# Saying goodbye is so hard



## Beautiful Blue (Apr 24, 2017)

So sorry. What a life altering decision you had to make. You have every right to feel sad.

Hope the coming days find you feeling better.


----------



## Skylar (Jul 29, 2016)

(((HUGS))) It's hard to make changes like that and to have to give away well loved pets. But you made a thoughtful and loving decision. Hopefully you can visit them and you have a lifetime of wonderful memories of your horses.


----------



## Mfmst (Jun 18, 2014)

I know it's sad to say good bye, but it was the right call and the unselfish call. Texas-sized, horse-loving hugs to you.


----------



## lily cd re (Jul 23, 2012)

That is a hard, but loving and generous decision. Will you be able to visit them if you want?


----------



## zooeysmom (Jan 3, 2014)

I'm so sorry, Johanna. I rode and showed horses and ponies growing up but am unable to be around them now due to asthma, so I know what a loss this is to you. (((hugs)))


----------



## Dechi (Aug 22, 2015)

I am sorry you had to let go of your horses. You made the right decision for them, and yourself. Turning the page on an important chapter of our lives is so hard.

Hugs to you.


----------



## ericwd9 (Jun 13, 2014)

I feel for you. I said goodby to mine 30 years ago and I still hurt inside.
Eric


----------



## Liz (Oct 2, 2010)

Oh, Johanna, I feel your sadness. Are you able to visit or get updates?


----------



## rj16 (Jan 30, 2017)

I'm so sorry Johanna. The right thing is rarely the easy thing...


----------



## Asta's Mom (Aug 20, 2014)

((HUGS)) Johanna - these goodbyes are so very sad. I, too, had to let go of my horses when I could no longer manage the feedbags,etc.


----------



## MollyMuiMa (Oct 13, 2012)

I feel so sorry for you! It is hard to cut out a major part of your life..........
I had to do the same with my Parrots....I bred and raised them for 25+ years until illness made me have to rehome them to people I trusted... I hope you will be able to 'visit' with them with a lightened heart knowing they are still loved and cherished. 
Good decisions are sometimes the hardest to make.


----------



## Johanna (Jun 21, 2017)

lily cd re said:


> That is a hard, but loving and generous decision. Will you be able to visit them if you want?

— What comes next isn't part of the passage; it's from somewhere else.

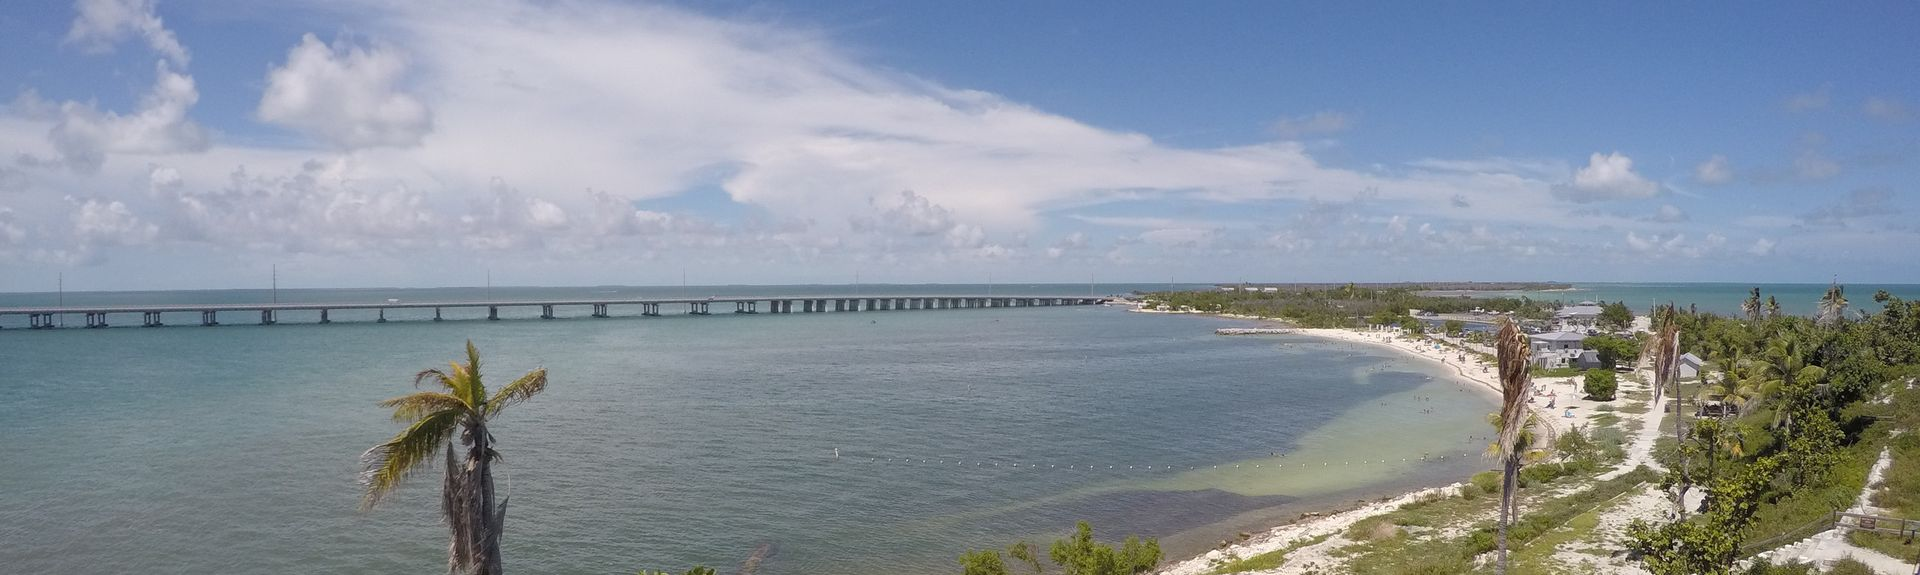 Big Torch Key, Florida, USA

Yes, I will go there this coming week to see them in their new home. They now have irrigated pasture - something we don't have up here in the mountains. It is a good home for them, but I'll always miss them.


----------



## Click-N-Treat (Nov 9, 2015)

I am sorry to hear this. Gentle hugs.


----------



## lily cd re (Jul 23, 2012)

Take plenty of carrots and lots of pictures when you go see them. What are their names? How old are they? What breeds?


----------